= What the task asks =
Write out exactly the lines below from the one containing "Adidas x FARM Rio Pacer Shorts. 5" to the last, both ends kept, and nothing more; skip all pictures.

= Recorded information =
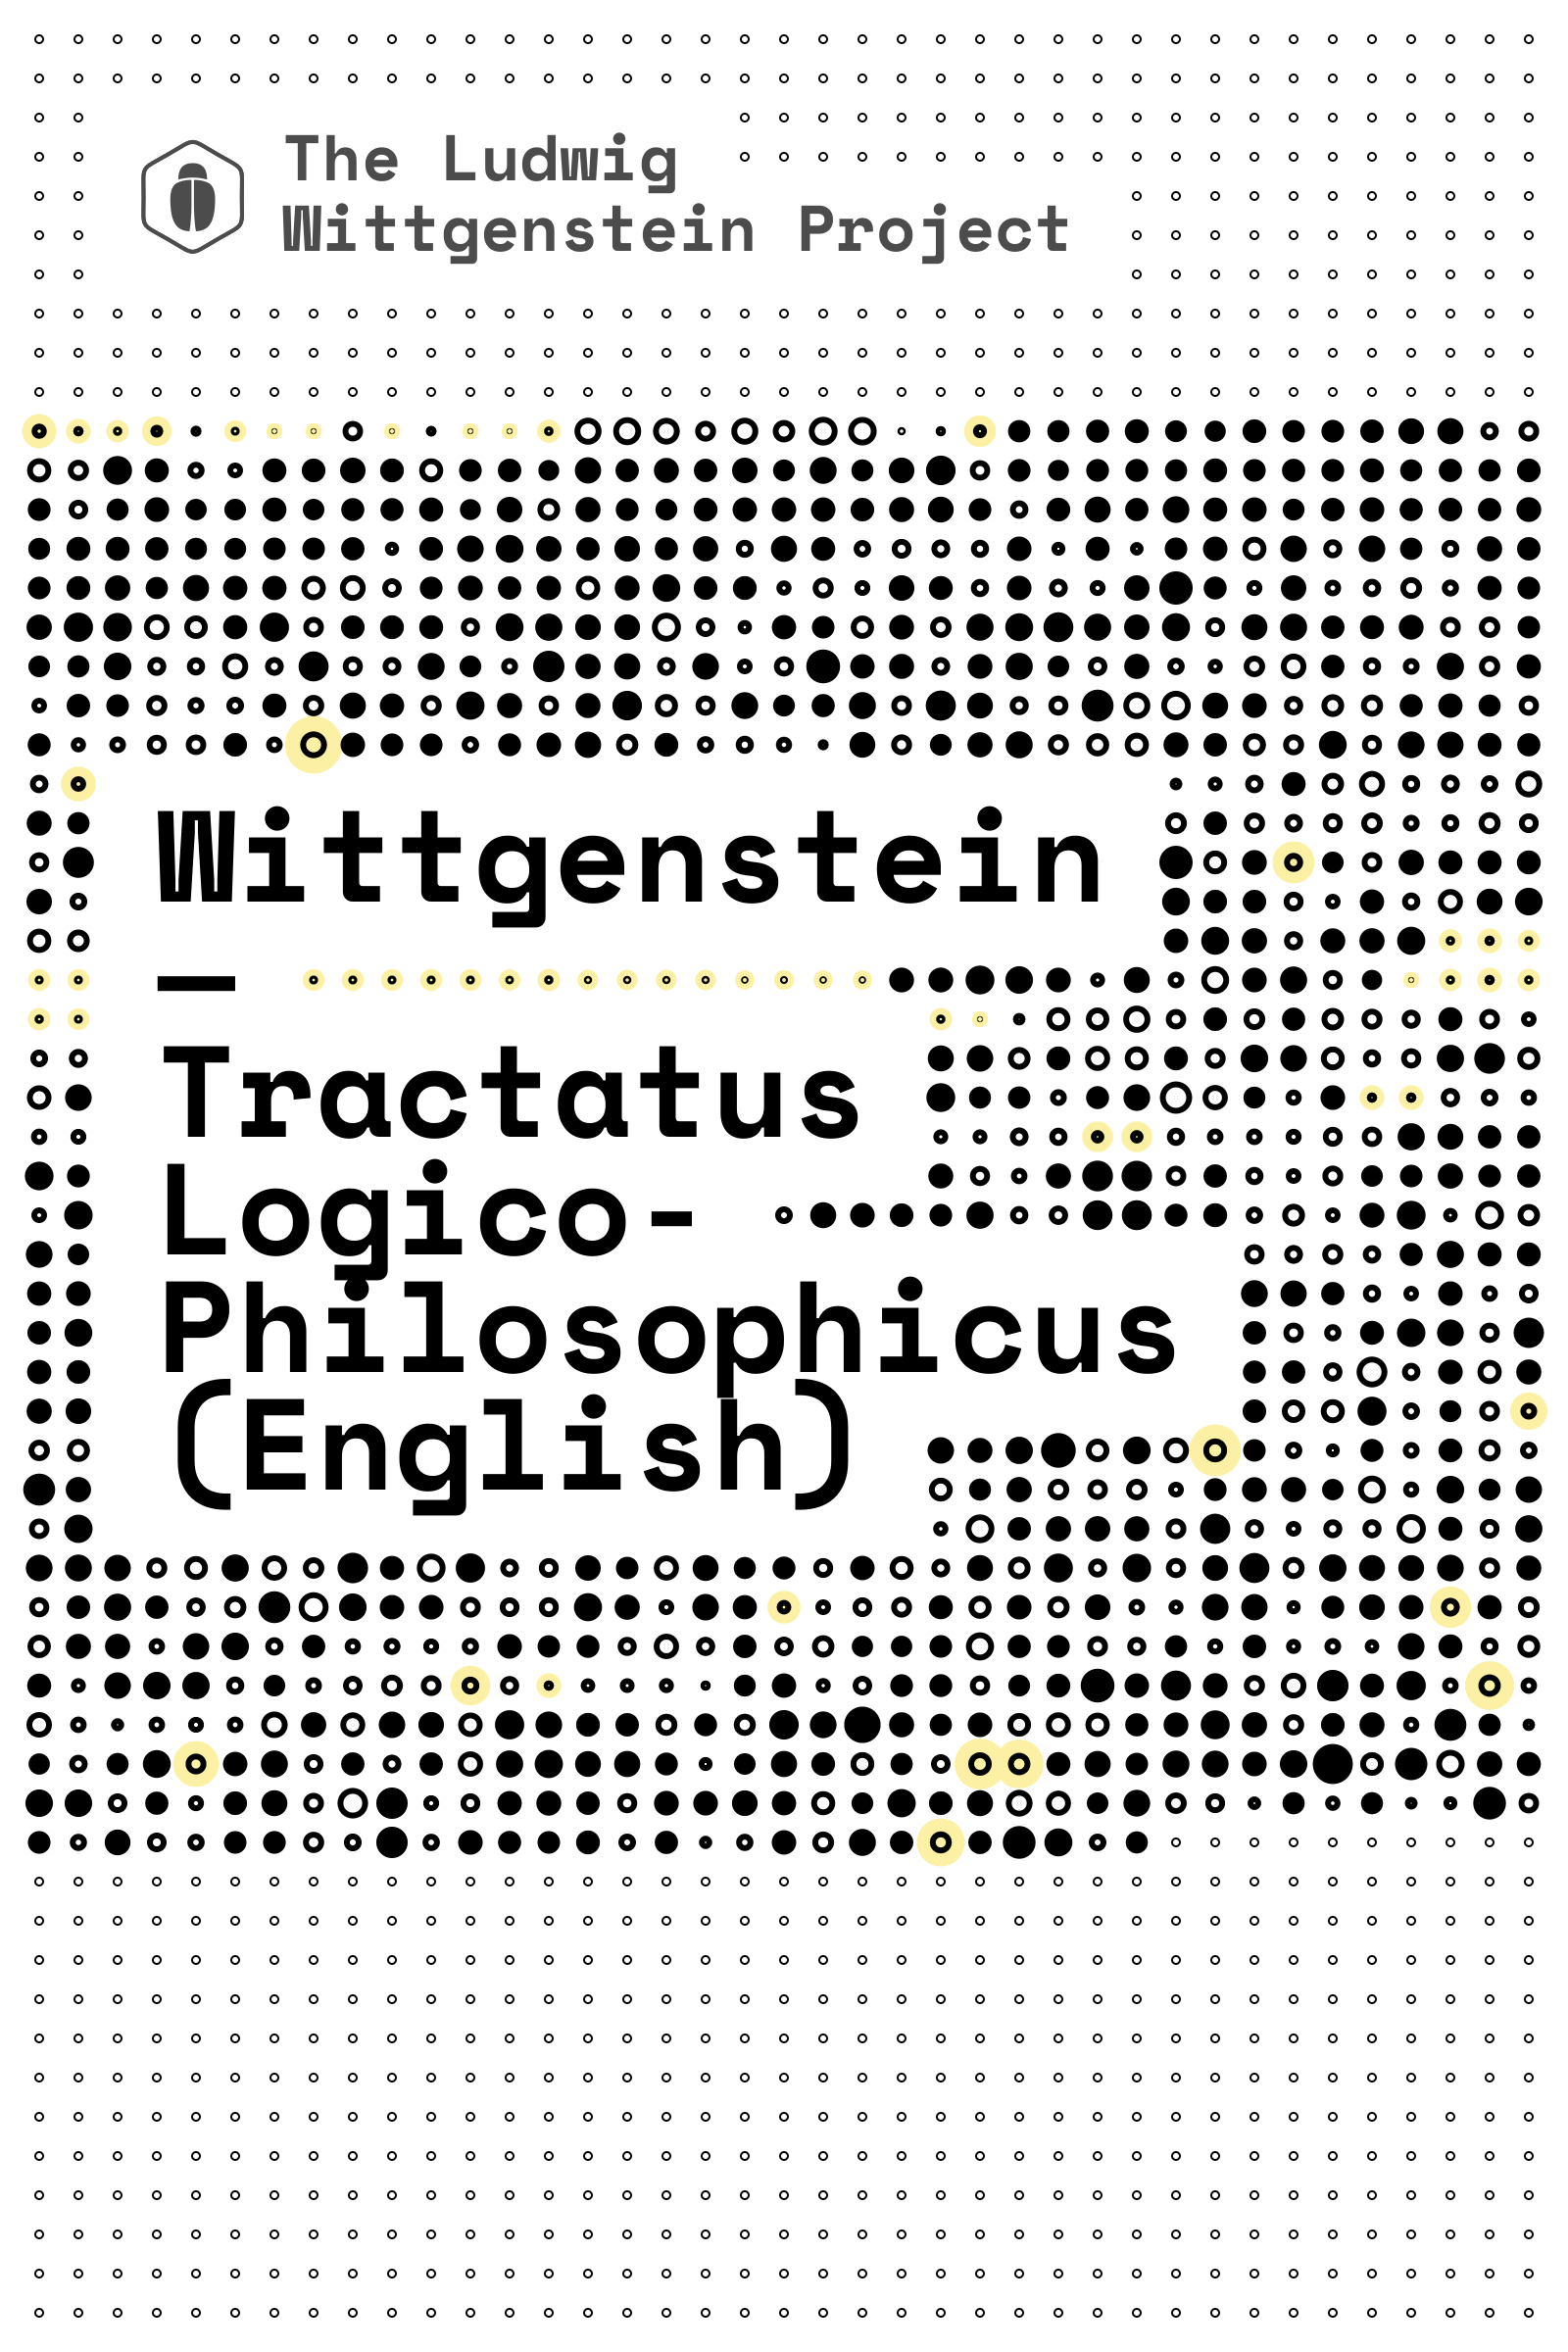 Tractatus Logico-Philosophicus (English) cover
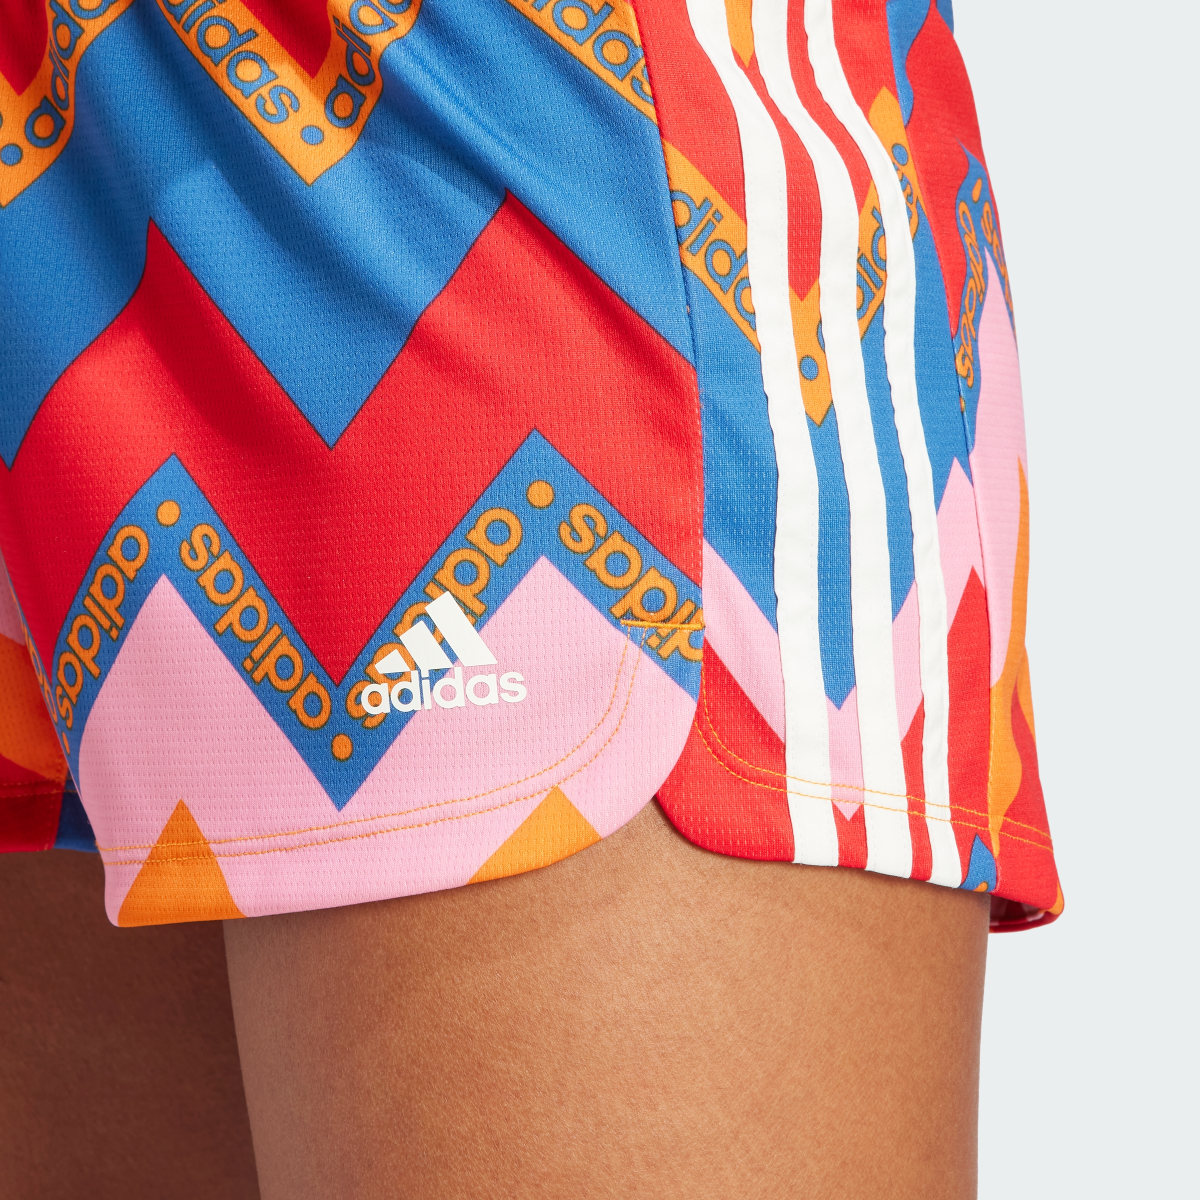 Adidas x FARM Rio Pacer Shorts. 5
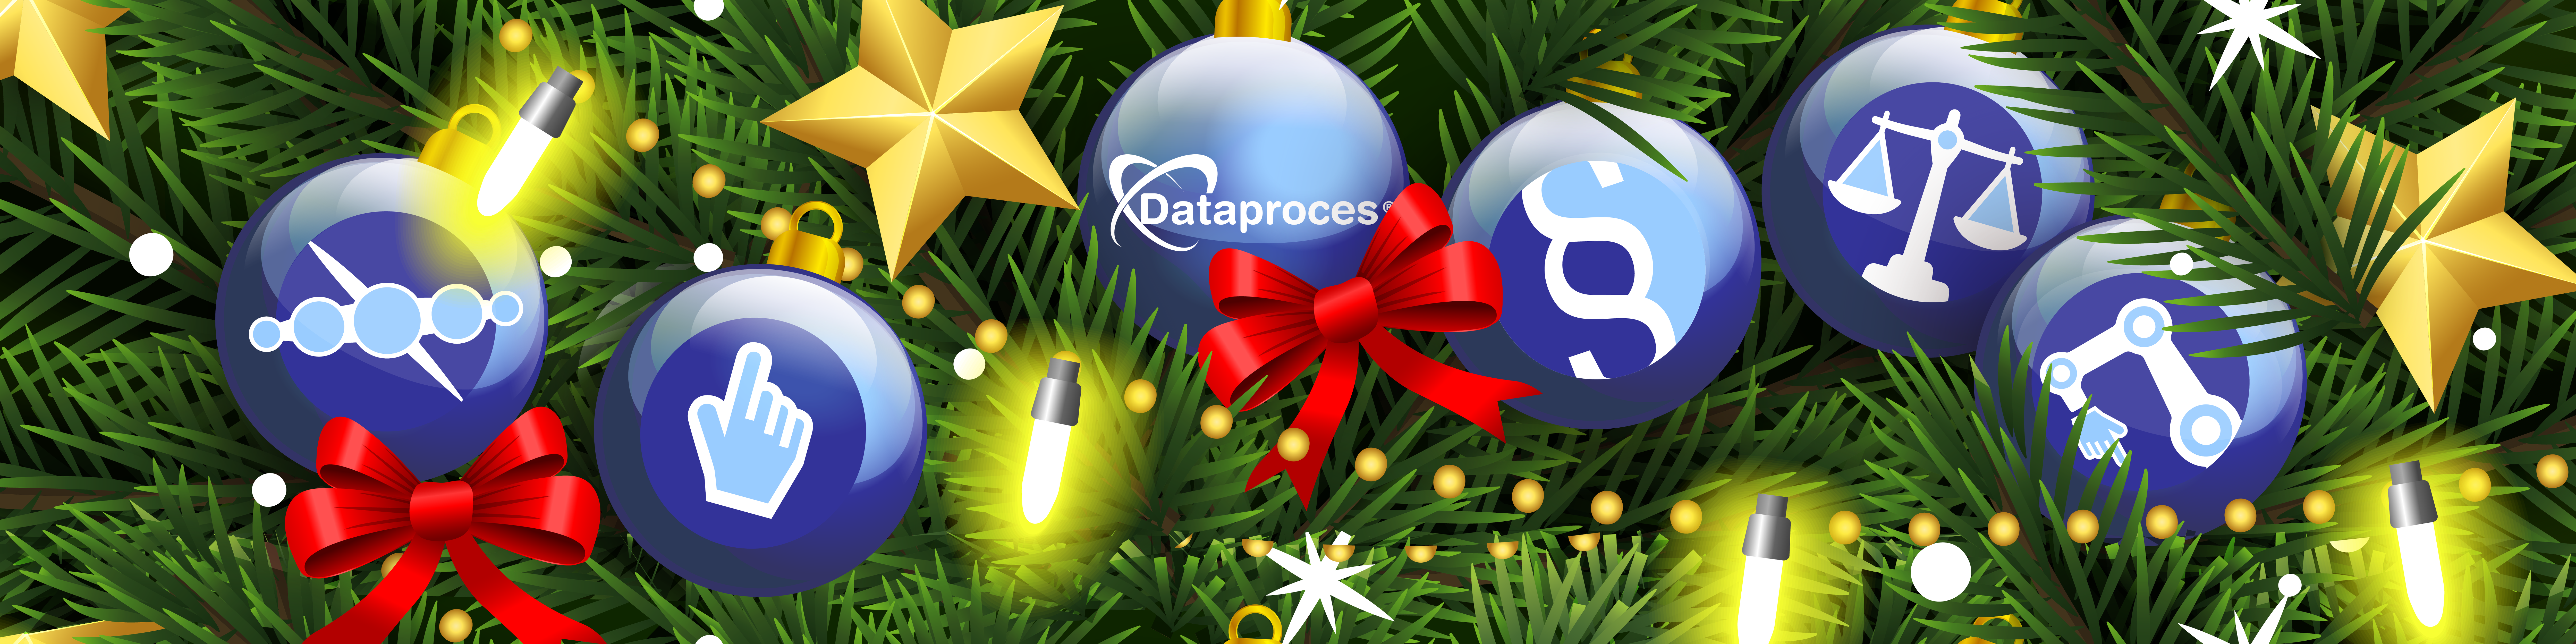 Dataproces ønsker glædelig jul og godt nytår

= Response to the exercise =
 Adidas x FARM Rio Pacer Shorts. 5
 Dataproces ønsker glædelig jul og godt nytår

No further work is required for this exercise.